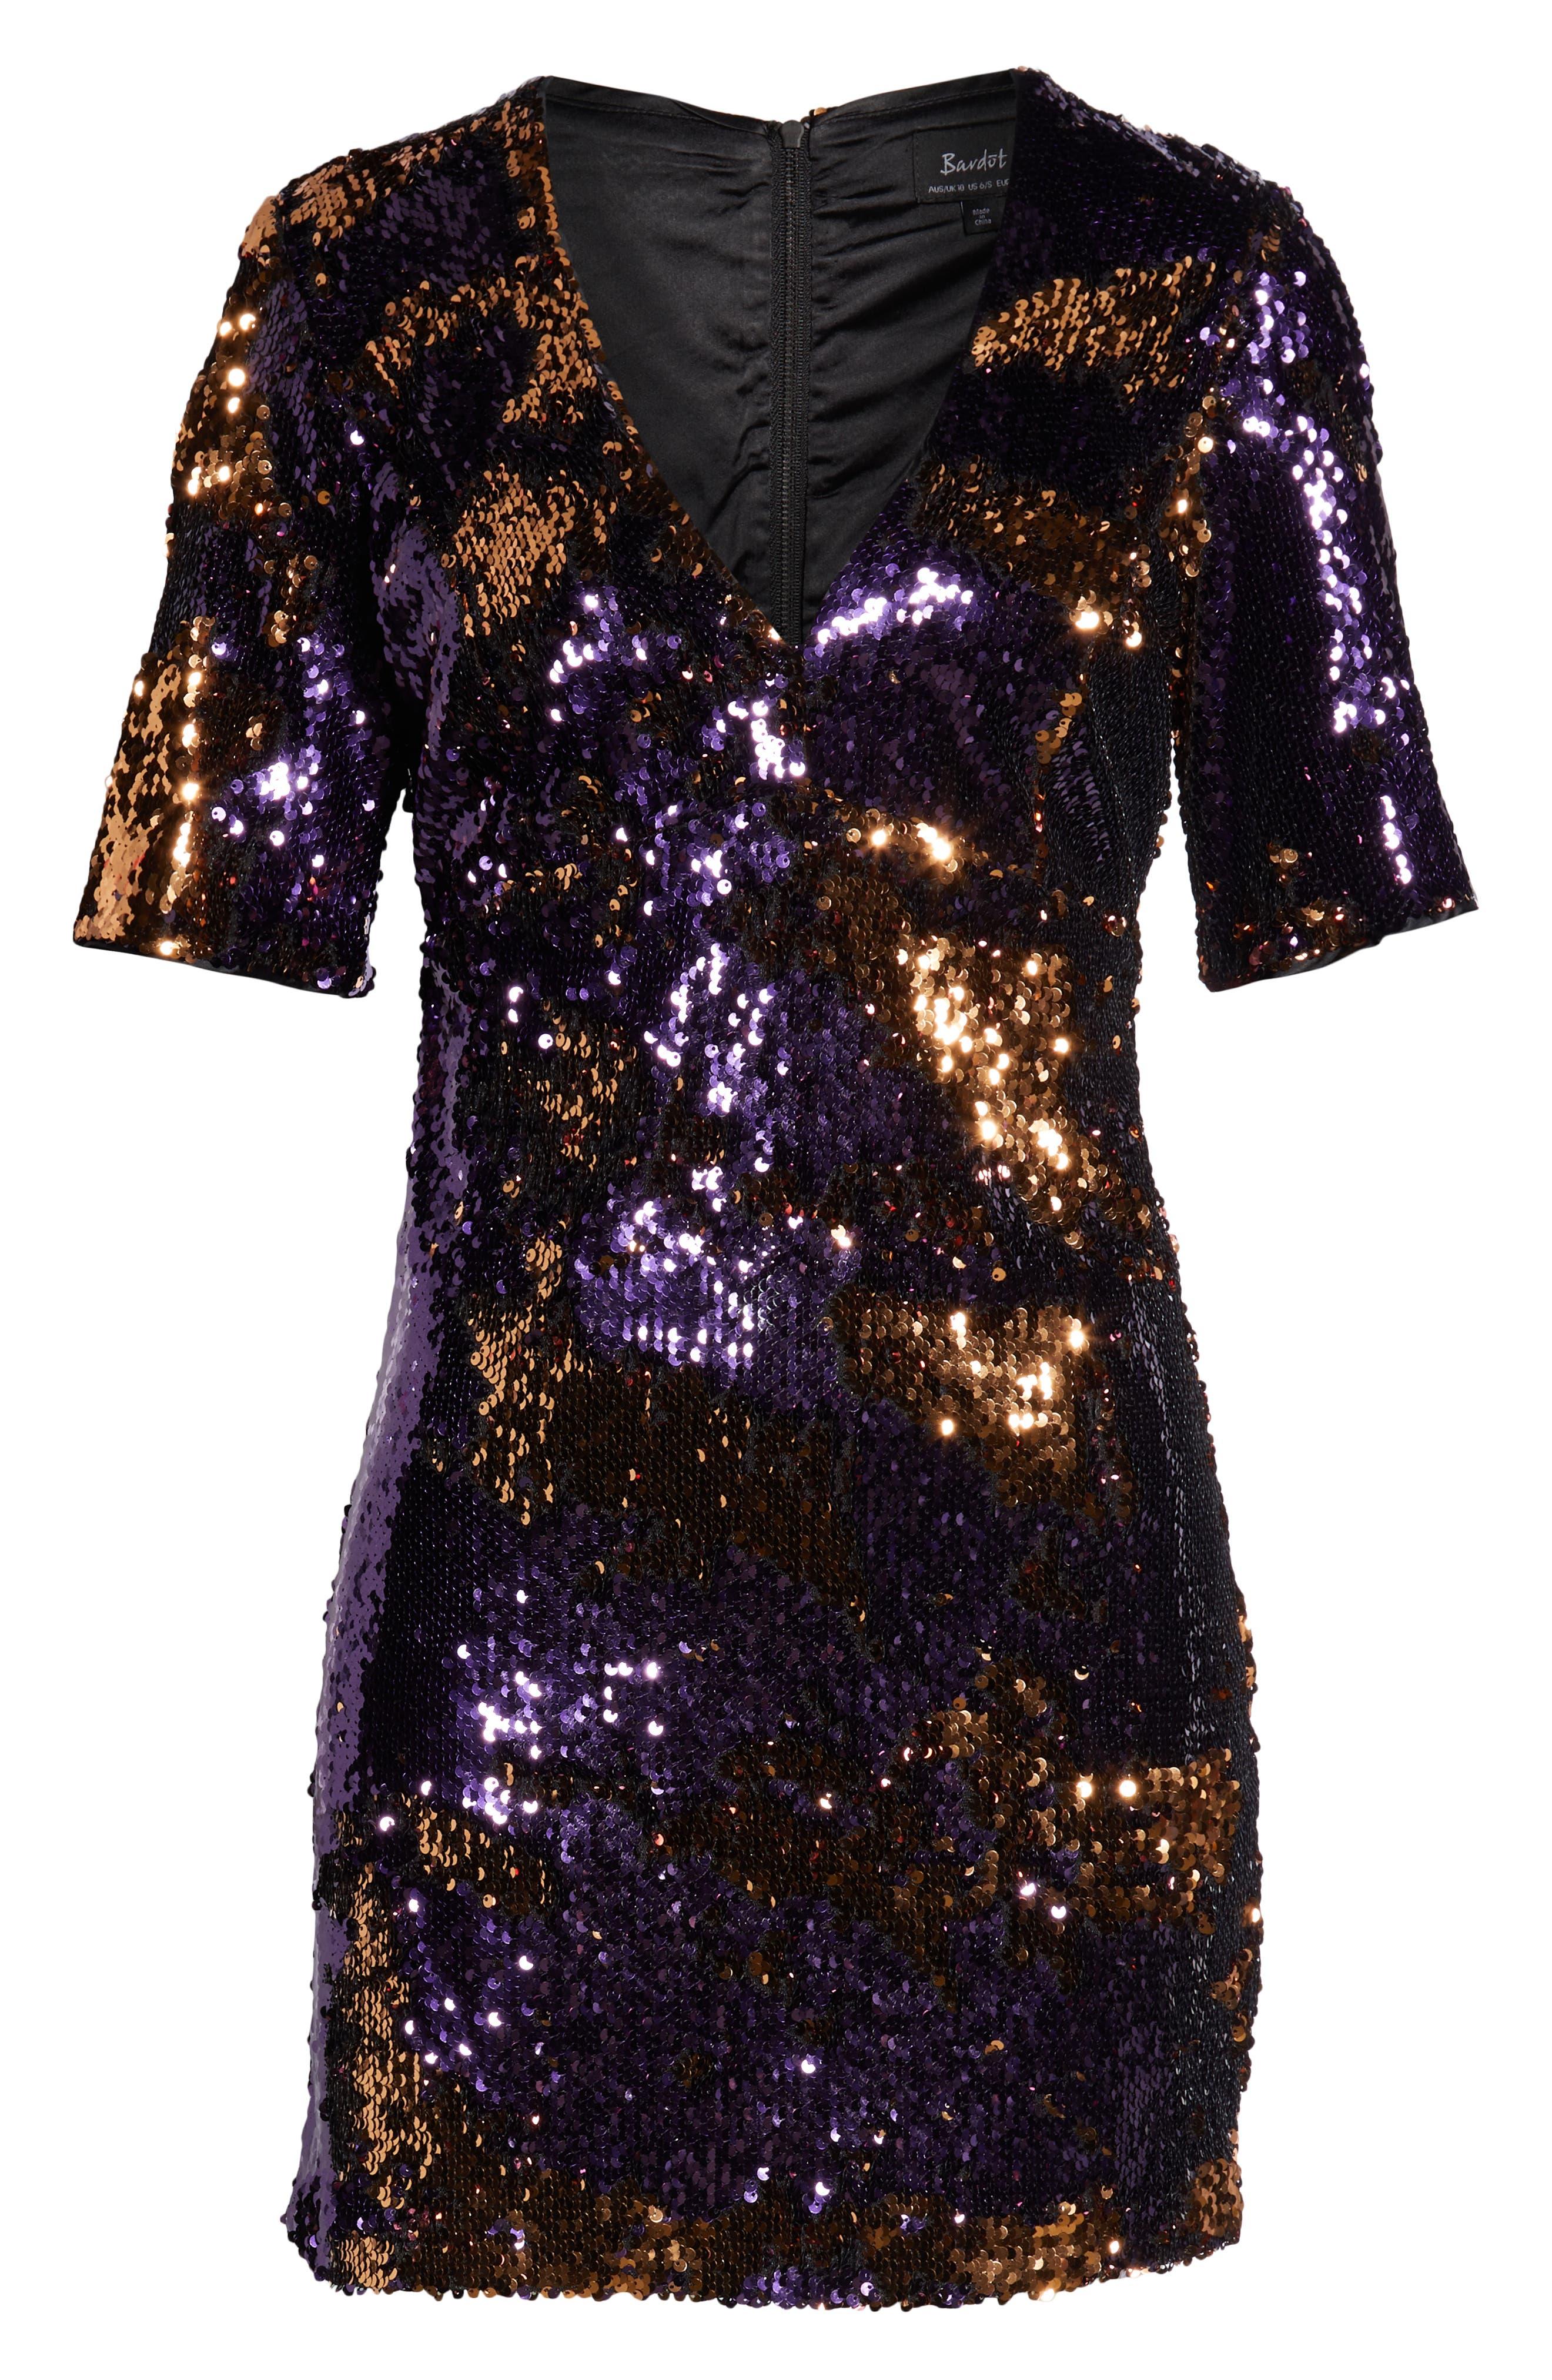 Sequin Embellished Dress,                             Alternate thumbnail 6, color,                             GOLD/ PURPLE
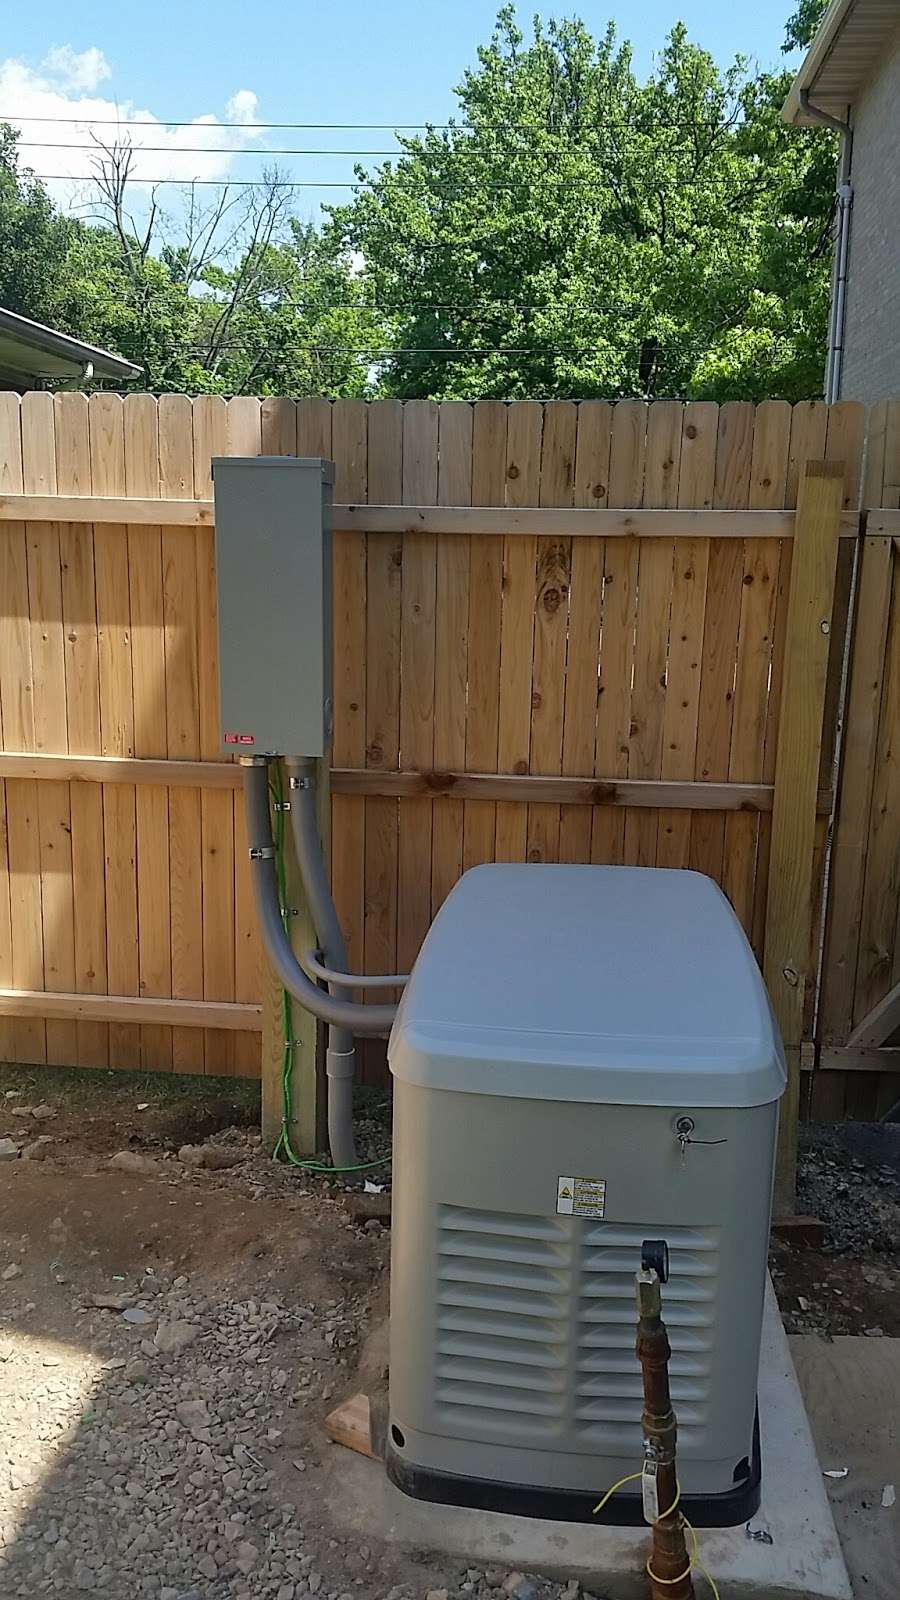 Haddad Electric LLC - electrician  | Photo 8 of 10 | Address: 300 Washington Ave #5, Carlstadt, NJ 07072, USA | Phone: (201) 438-4242
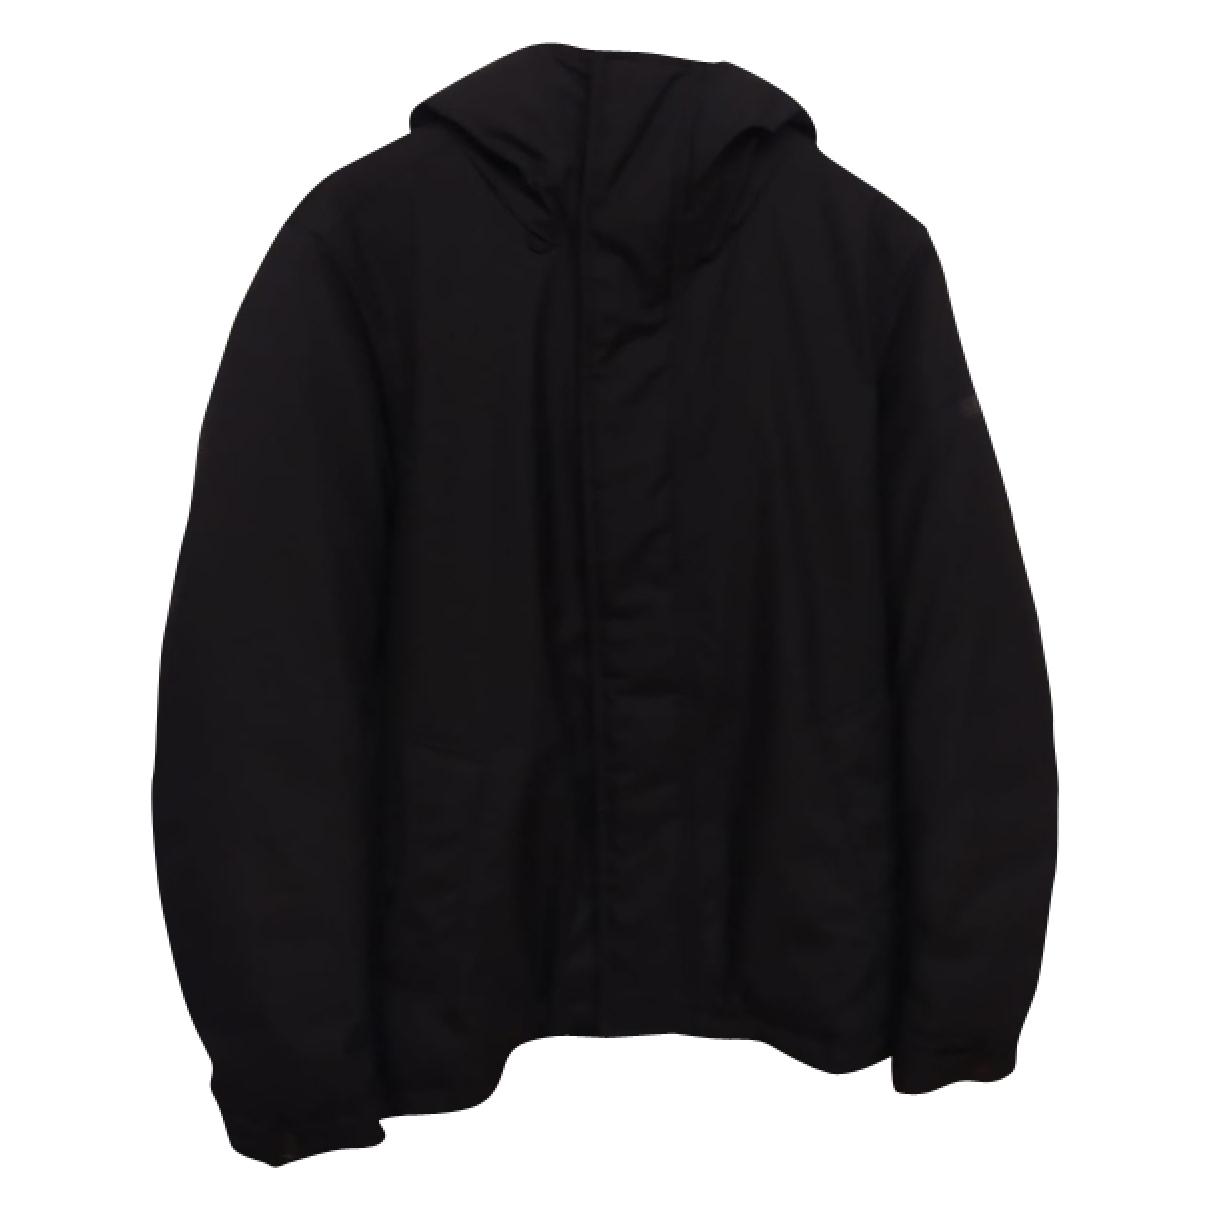 Woolrich \N Black coat  for Men S International

=======

Give the data above back unchanged, except for the pictures.

 Sequin Embellished Dress,                             Alternate thumbnail 6, color,                             GOLD/ PURPLE
 Haddad Electric LLC - electrician  | Photo 8 of 10 | Address: 300 Washington Ave #5, Carlstadt, NJ 07072, USA | Phone: (201) 438-4242
 Woolrich \N Black coat  for Men S International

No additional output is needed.